Testimony of Szmul Wasersztajn in front of the Jewish Historical Commission in Białystok, 5 April 1945. 

 

"The Jews were kept in the hot sun from eleven in the morning until that evening. They selected forty people at a time and sent them to the cemetery where they were forced to dig ditches in which they were buried alive. In the market place the goyim put Lenin's statue on a board, and forced the Jews to carry it and sing Bolshevik songs. They put a big stone on the head of Rabbi Avigdor Bialystocki and made him carry it through the market place. The goyim grabbed Yudke Nadolnie's daughter Gitele, cut off her head and played with it as if it was a ball."

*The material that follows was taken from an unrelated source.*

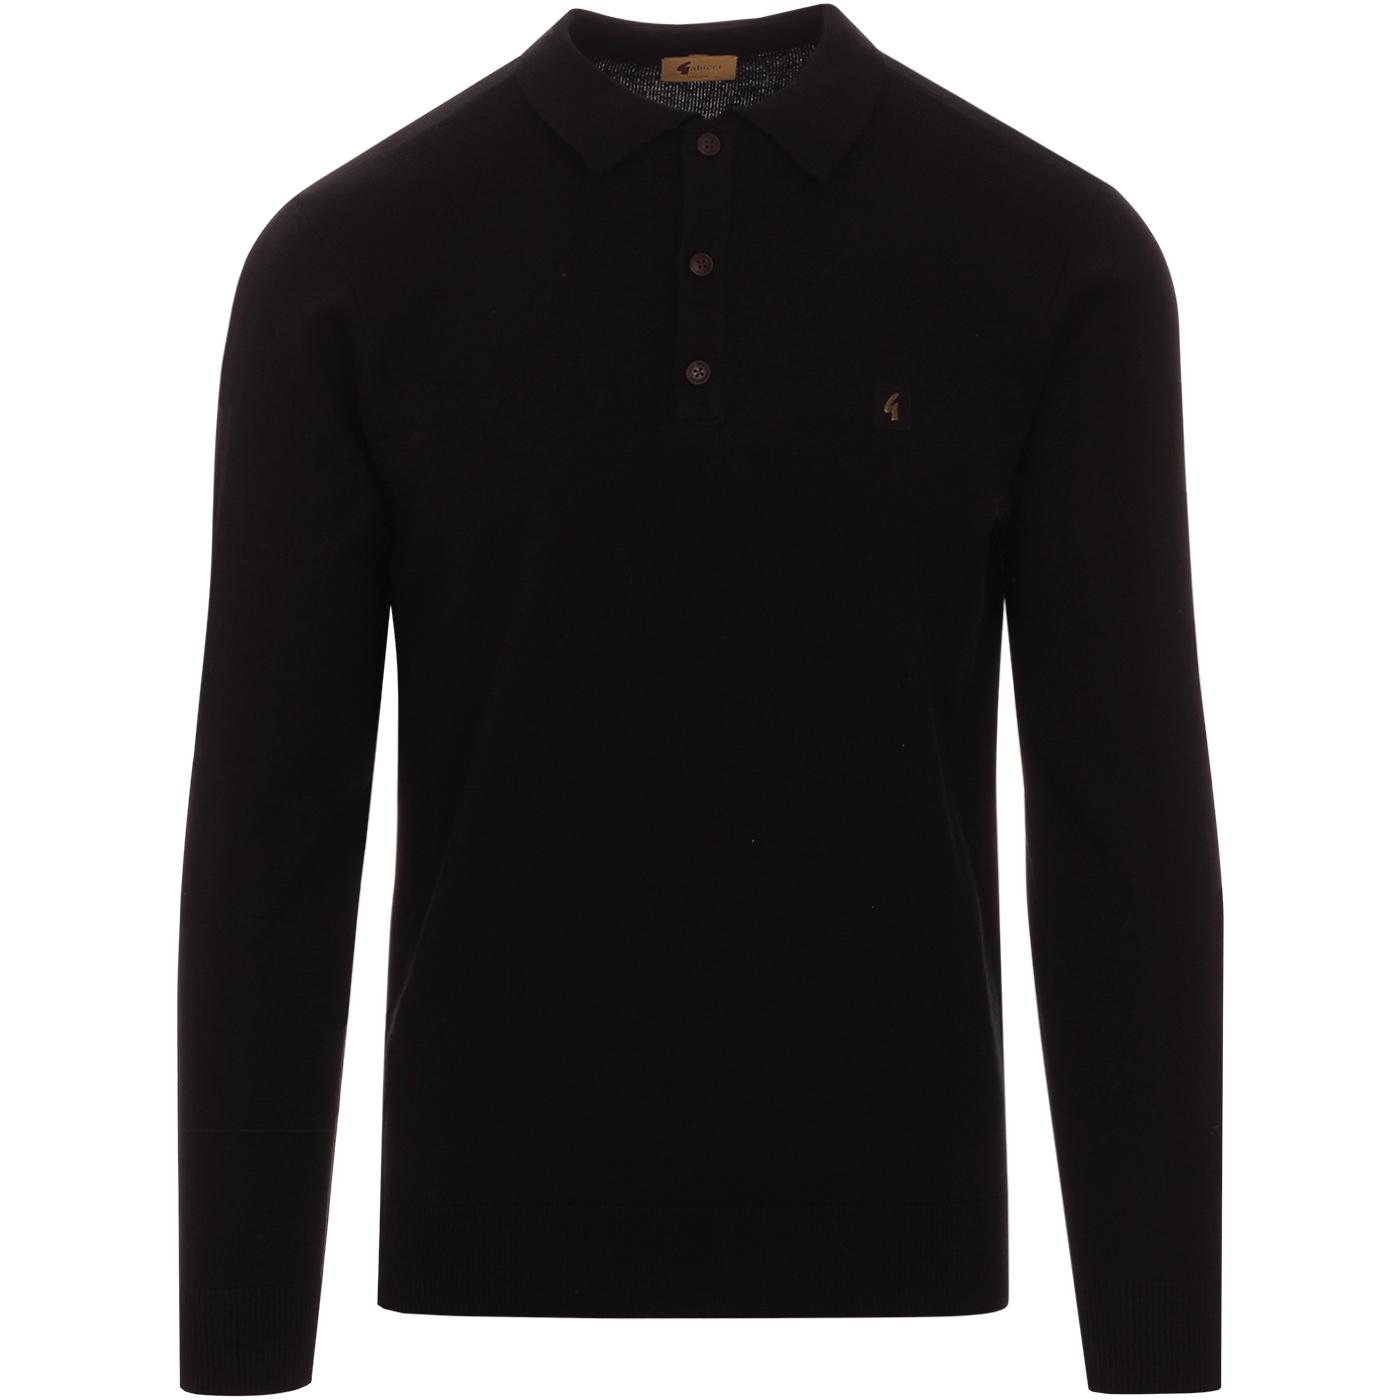 GABICCI VINTAGE Francesco Retro Mod Knit Polo Shirt Black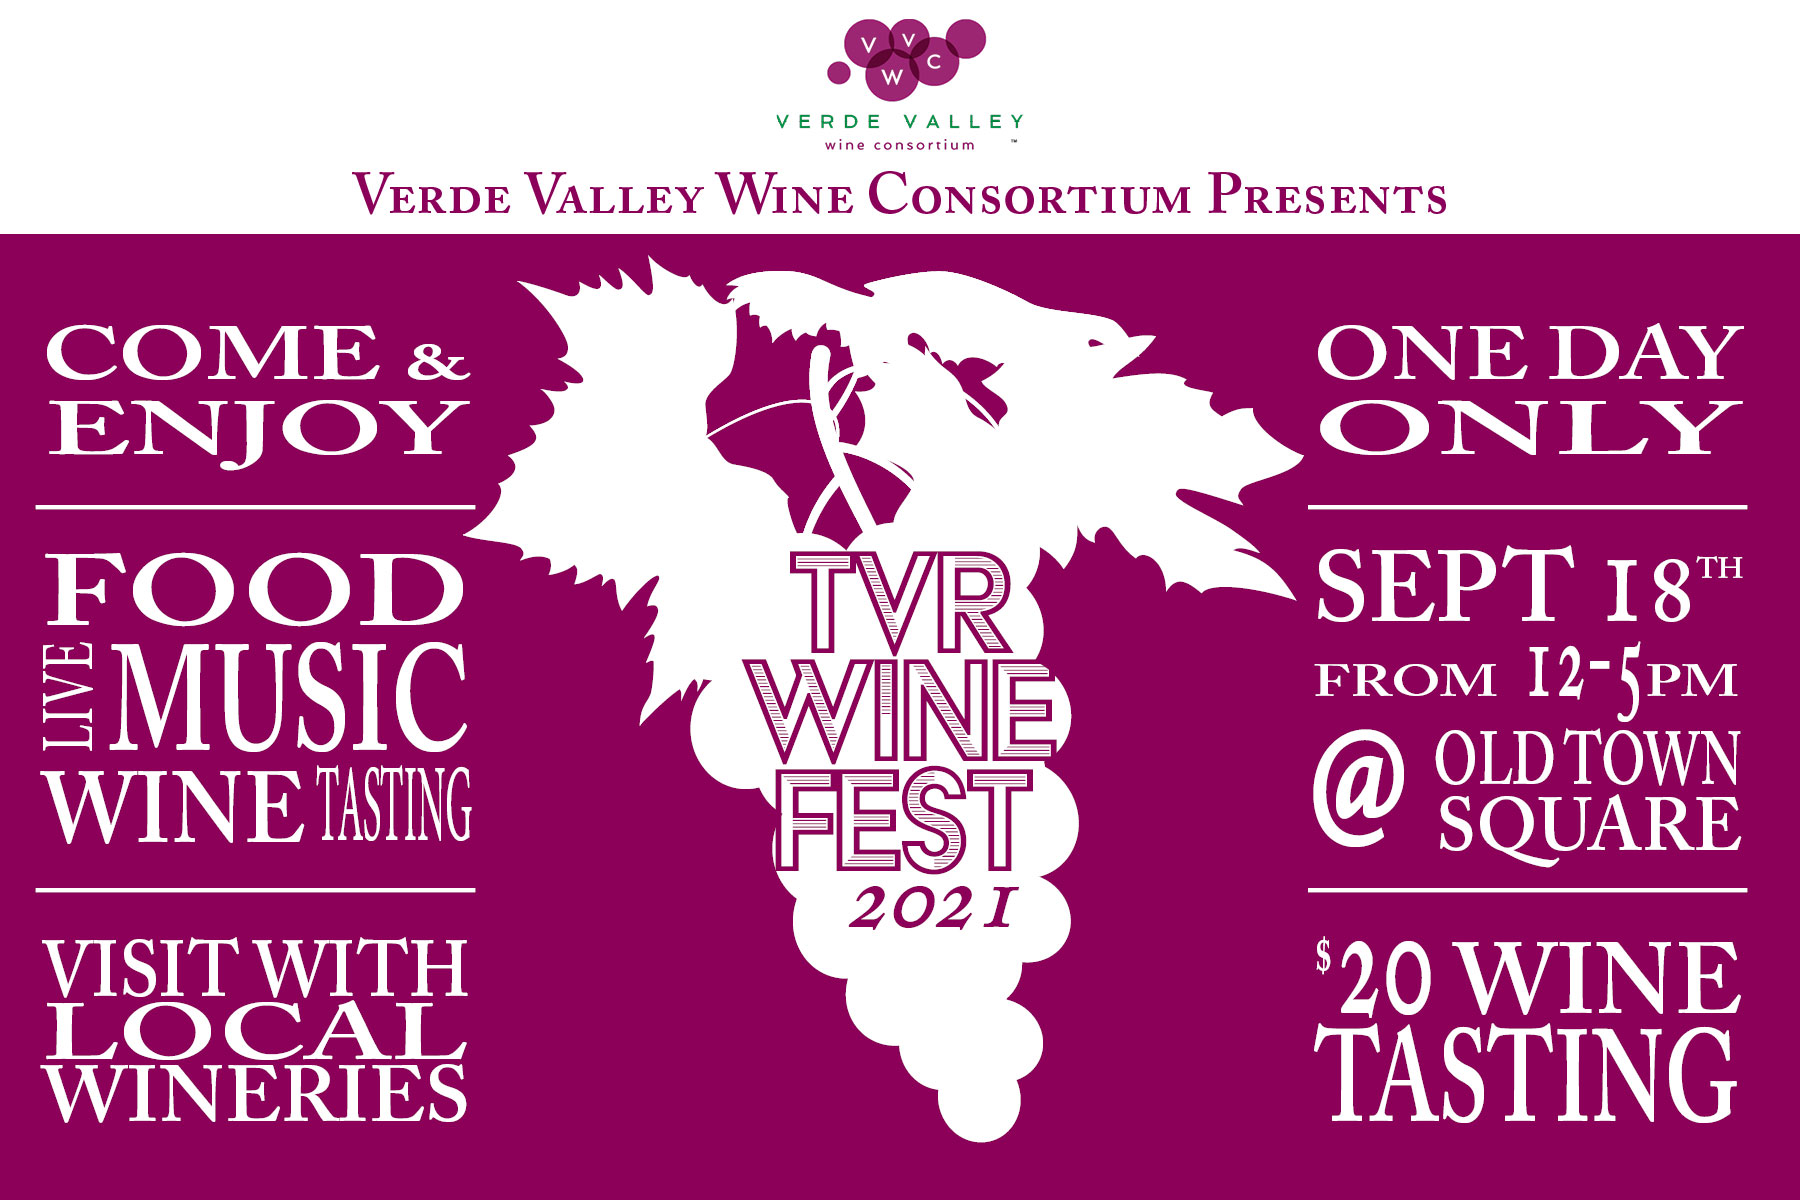 TVR Wine Fest

Testimony of Rivka Fogel, who was hiding herself under nearby trees during the pogrom. 

 

"I saw how they ordered young Jewish boys to take off Lenin’s monument, how they were told to carry it around and shout ‘War is because of us’. I saw how they were beaten at the time with rubber truncheons, how Jews were massacred in the synagogue, and how the massacred Lewiniuk, who was still breathing, was buried alive by our people… They chased them all to a barn. Poured kerosene all around. It took but two minutes, but the scream… I can still hear it."

Interview with Halina Popiołek, a 13-year-old Polish girl and inhabitant of Jedwabne at the time.